*WHAT YOU HAVE TO DO:* Omit all images, then repeat exactly the lines below from the one containing "Holding up a" through the one containing "Lukasz Piszczek from", both ends included.

*DATA IN THIS EXERCISE:*
Segment Open
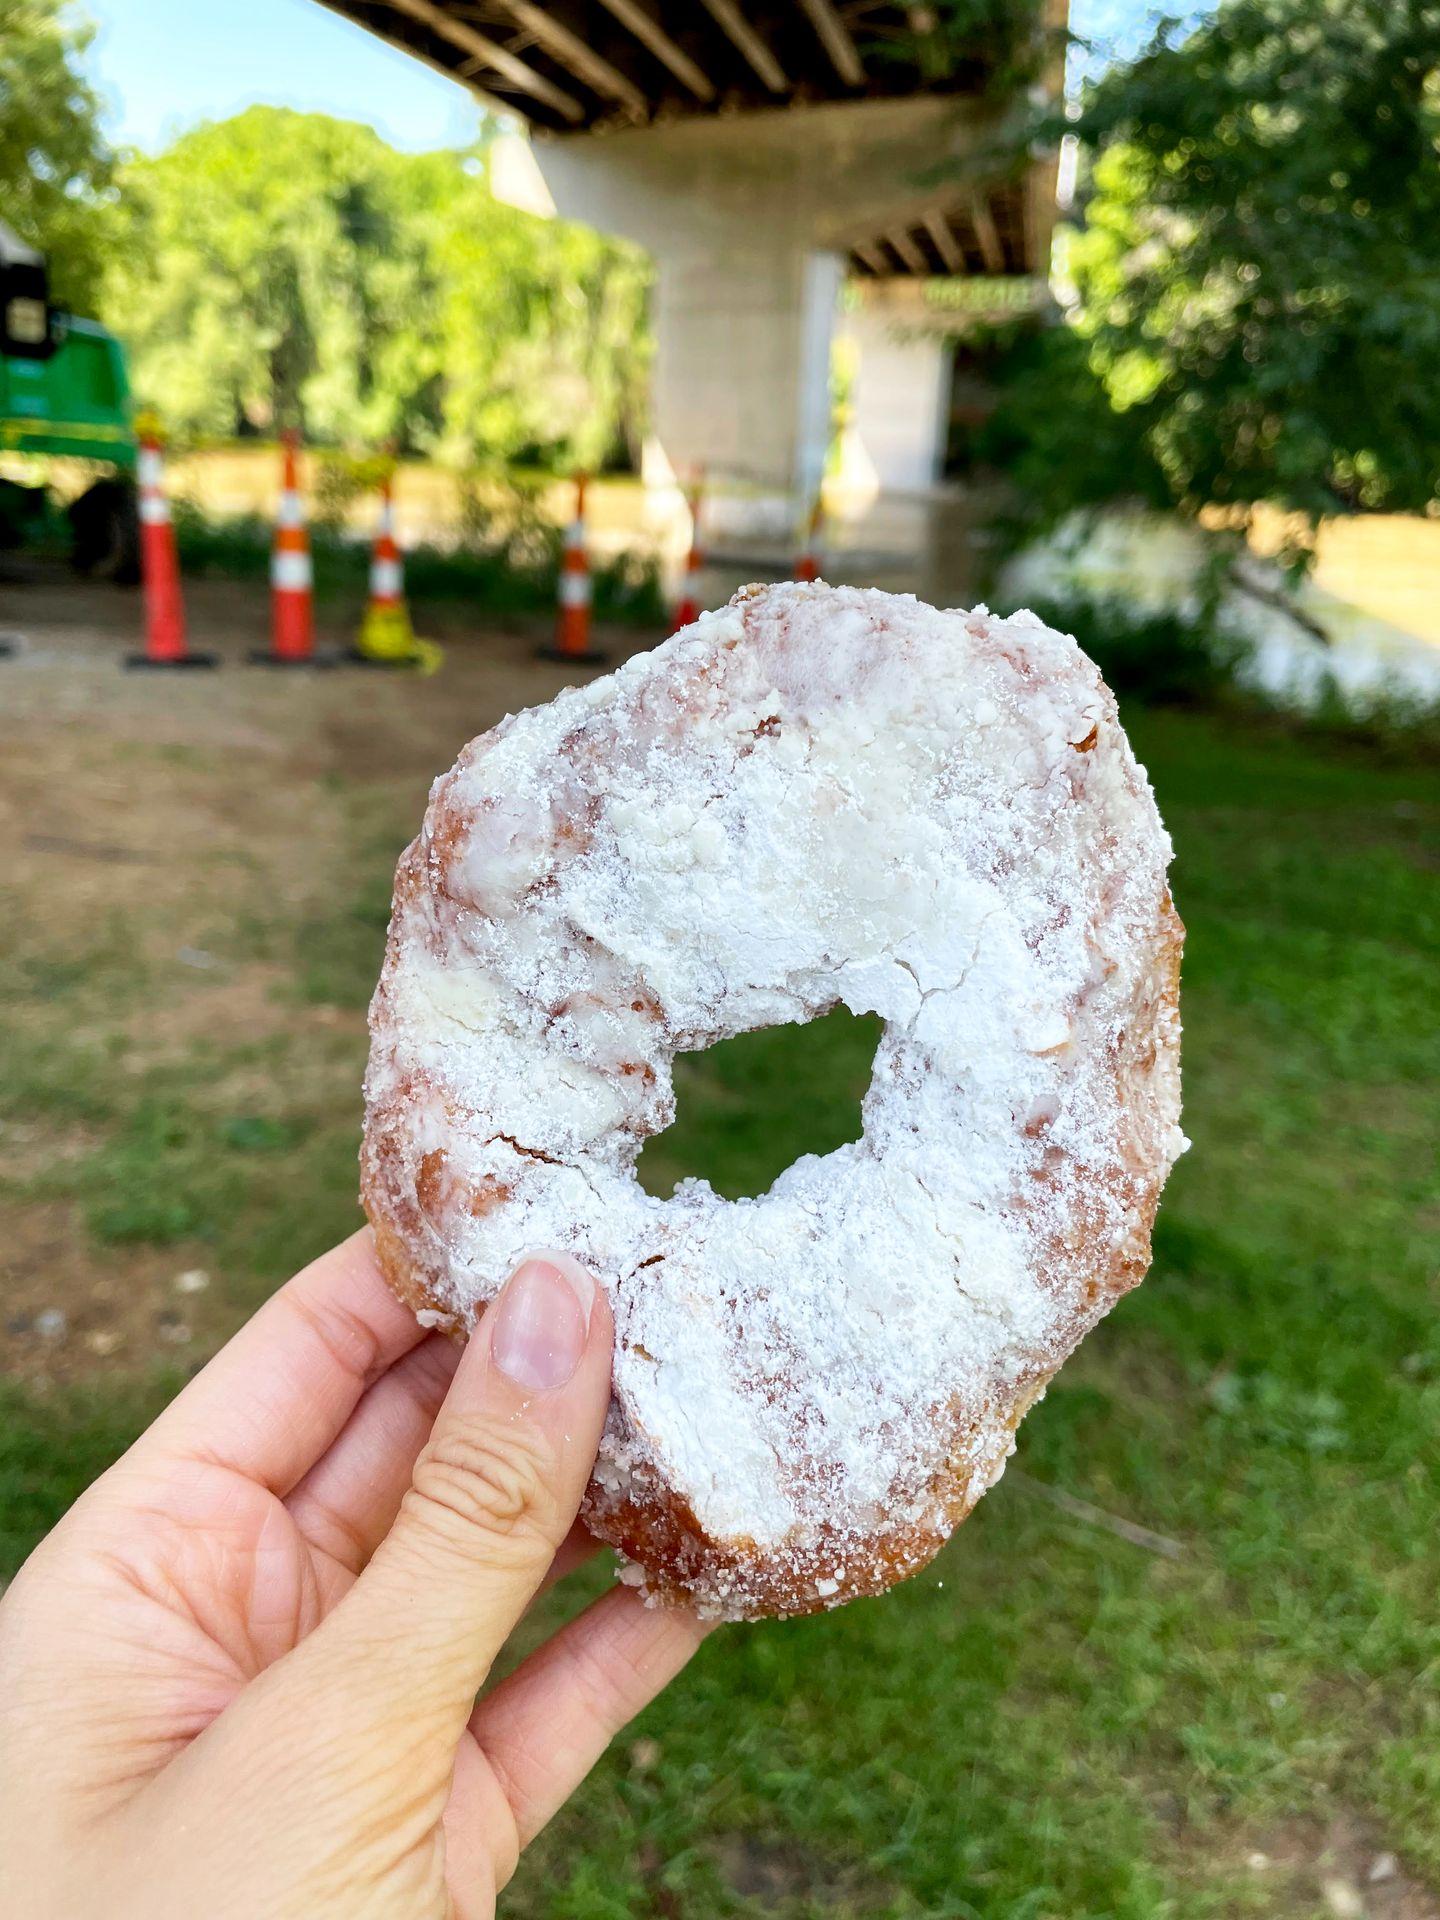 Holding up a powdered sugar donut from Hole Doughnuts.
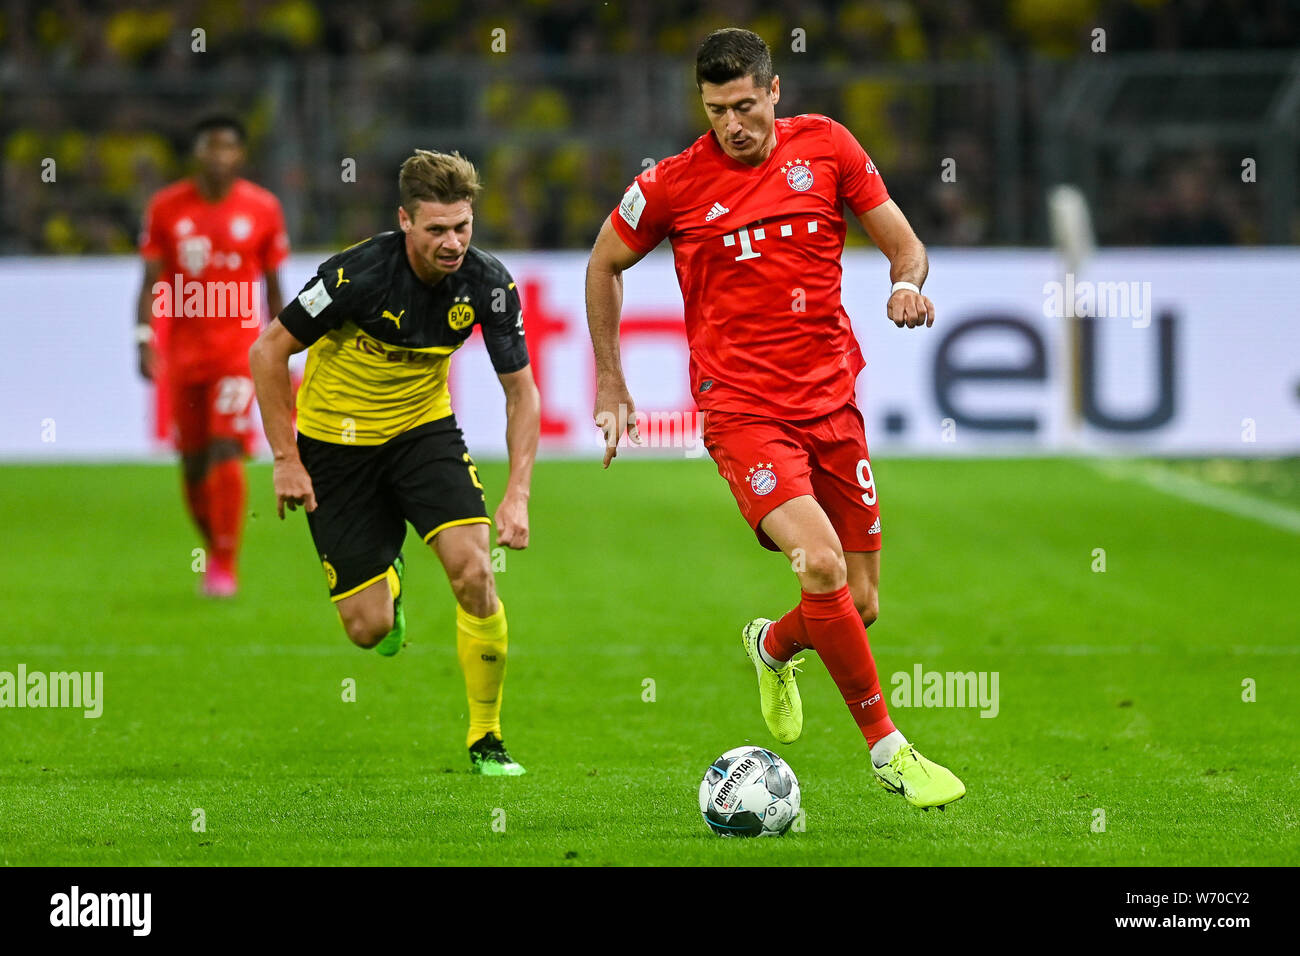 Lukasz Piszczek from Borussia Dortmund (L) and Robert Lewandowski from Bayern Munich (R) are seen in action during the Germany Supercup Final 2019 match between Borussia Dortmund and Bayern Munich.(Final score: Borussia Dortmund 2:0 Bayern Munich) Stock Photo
Segment Closed
Segment Open
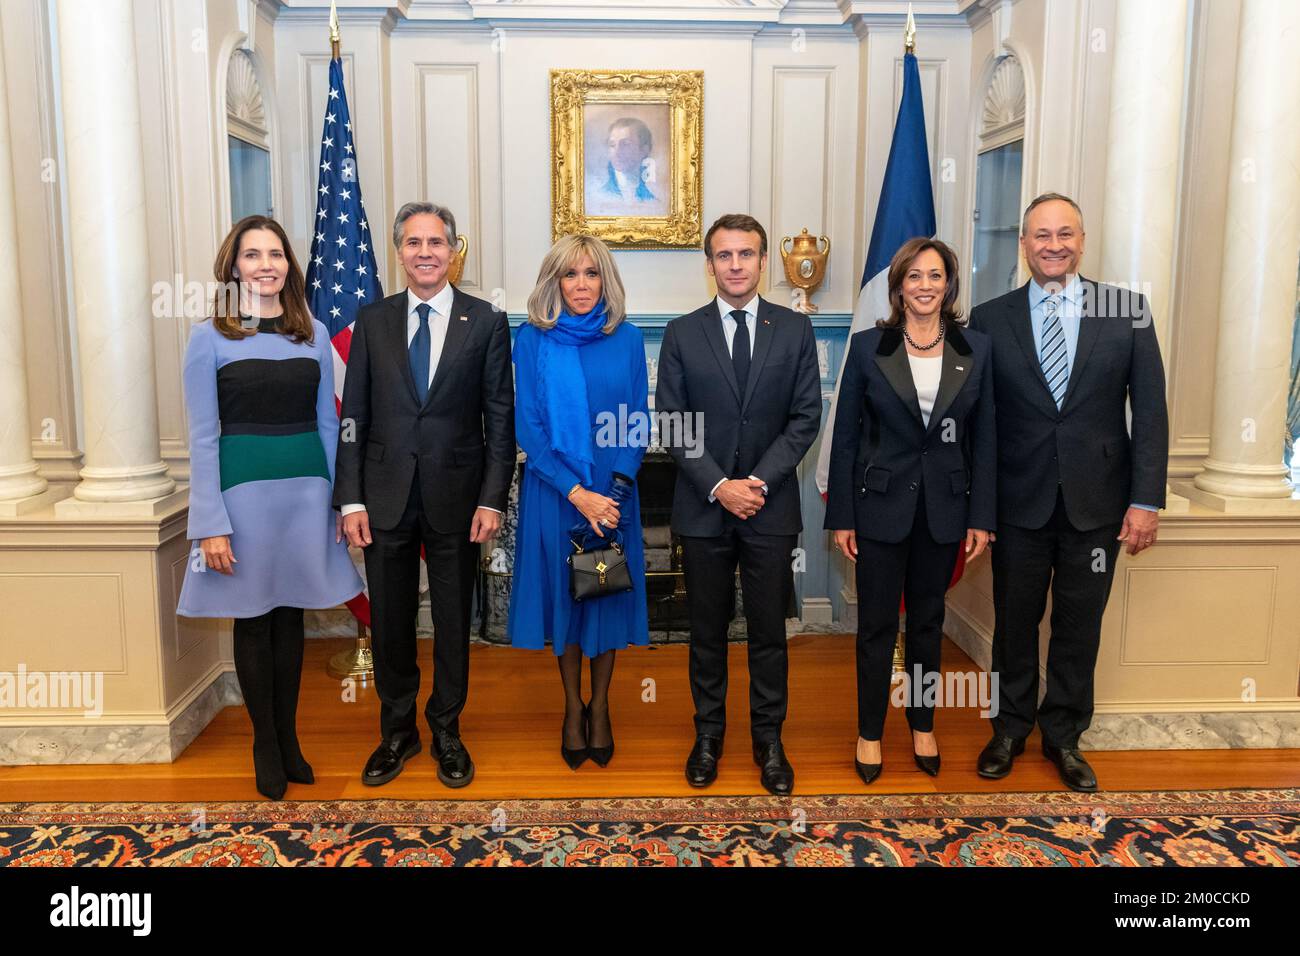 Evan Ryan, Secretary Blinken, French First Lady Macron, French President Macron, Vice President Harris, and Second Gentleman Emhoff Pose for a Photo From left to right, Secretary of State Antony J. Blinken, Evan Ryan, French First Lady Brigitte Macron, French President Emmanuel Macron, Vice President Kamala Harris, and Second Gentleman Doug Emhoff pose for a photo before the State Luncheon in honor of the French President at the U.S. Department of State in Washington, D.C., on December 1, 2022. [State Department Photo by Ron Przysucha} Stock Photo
Segment Closed
Segment Open
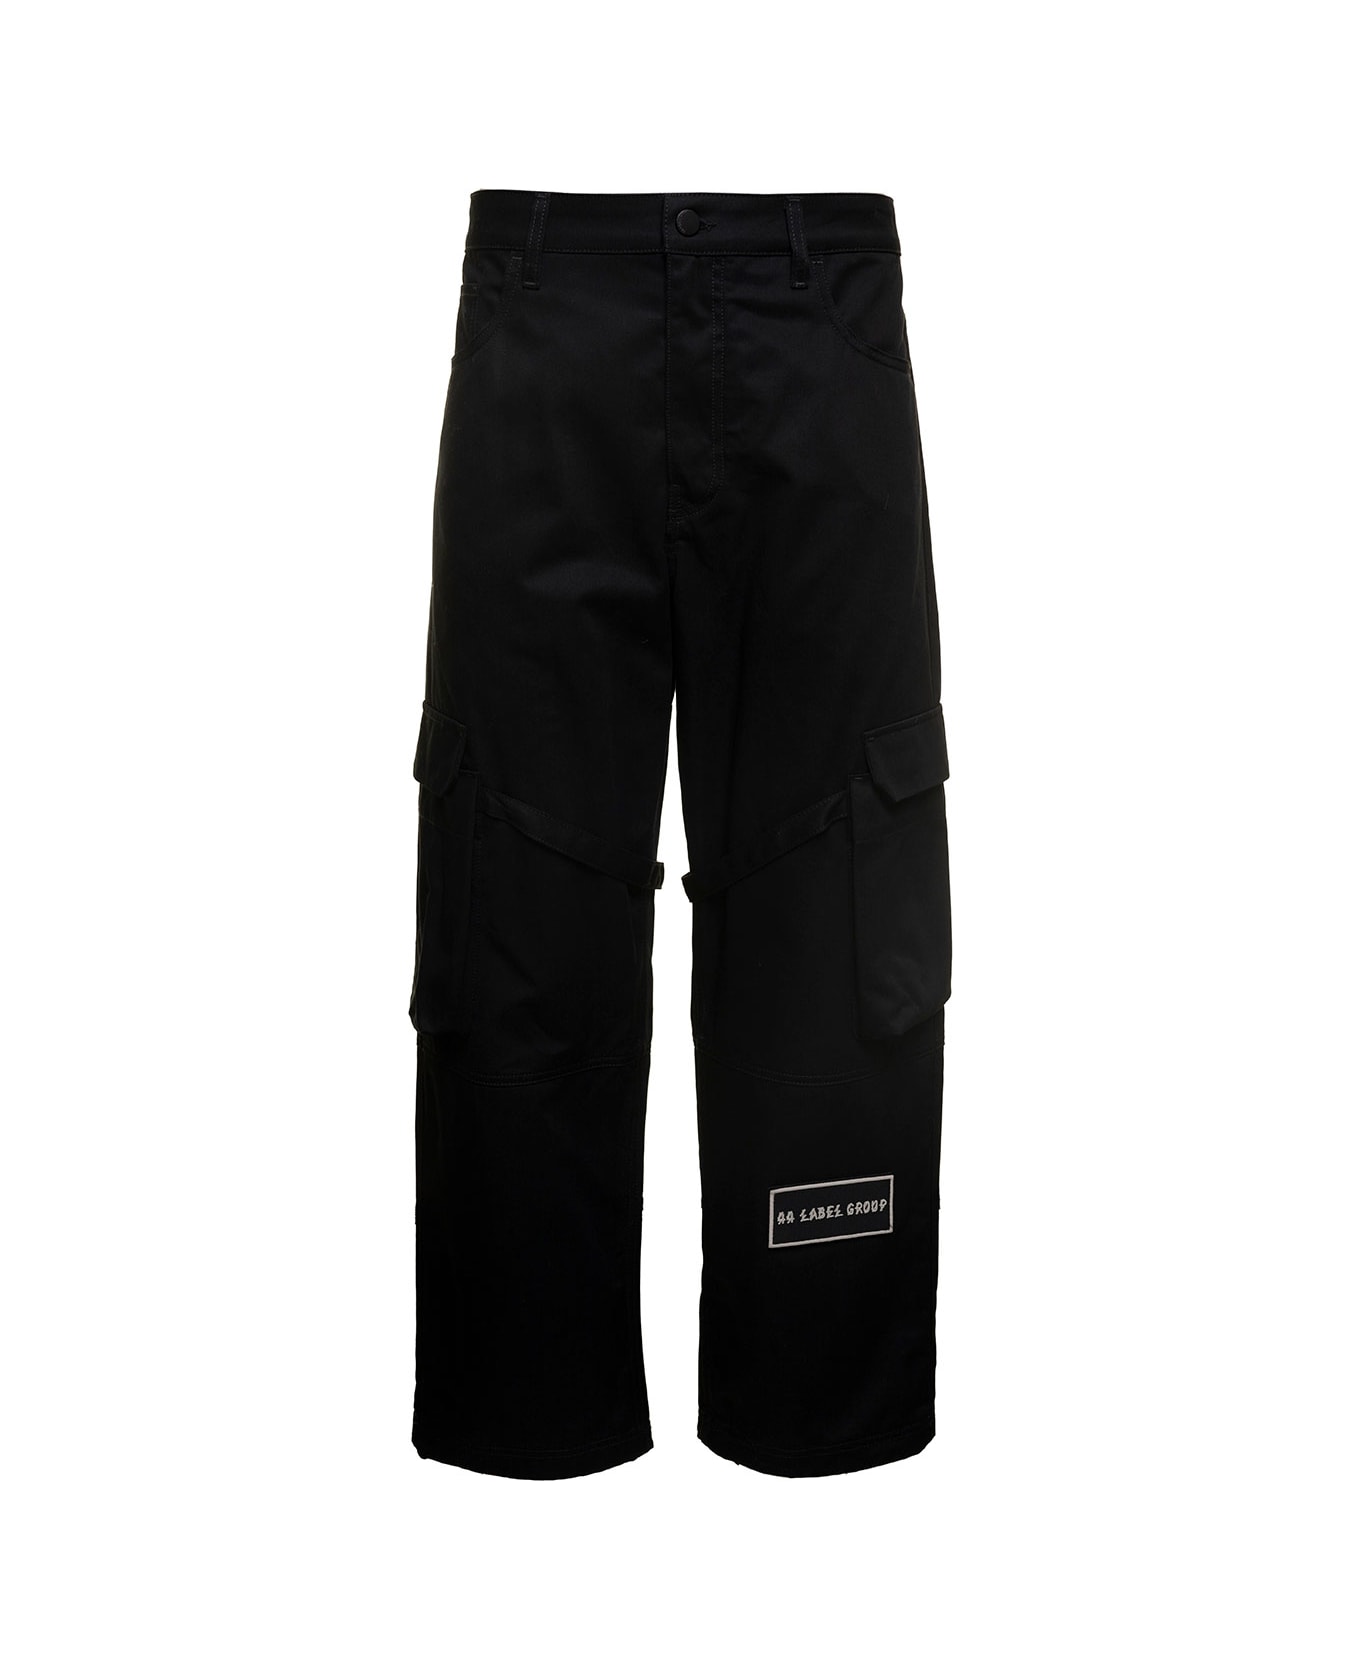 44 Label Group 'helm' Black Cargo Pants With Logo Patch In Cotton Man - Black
Segment Closed
*FINISHED TASK:*
 Holding up a powdered sugar donut from Hole Doughnuts.
 Lukasz Piszczek from Borussia Dortmund (L) and Robert Lewandowski from Bayern Munich (R) are seen in action during the Germany Supercup Final 2019 match between Borussia Dortmund and Bayern Munich.(Final score: Borussia Dortmund 2:0 Bayern Munich) Stock Photo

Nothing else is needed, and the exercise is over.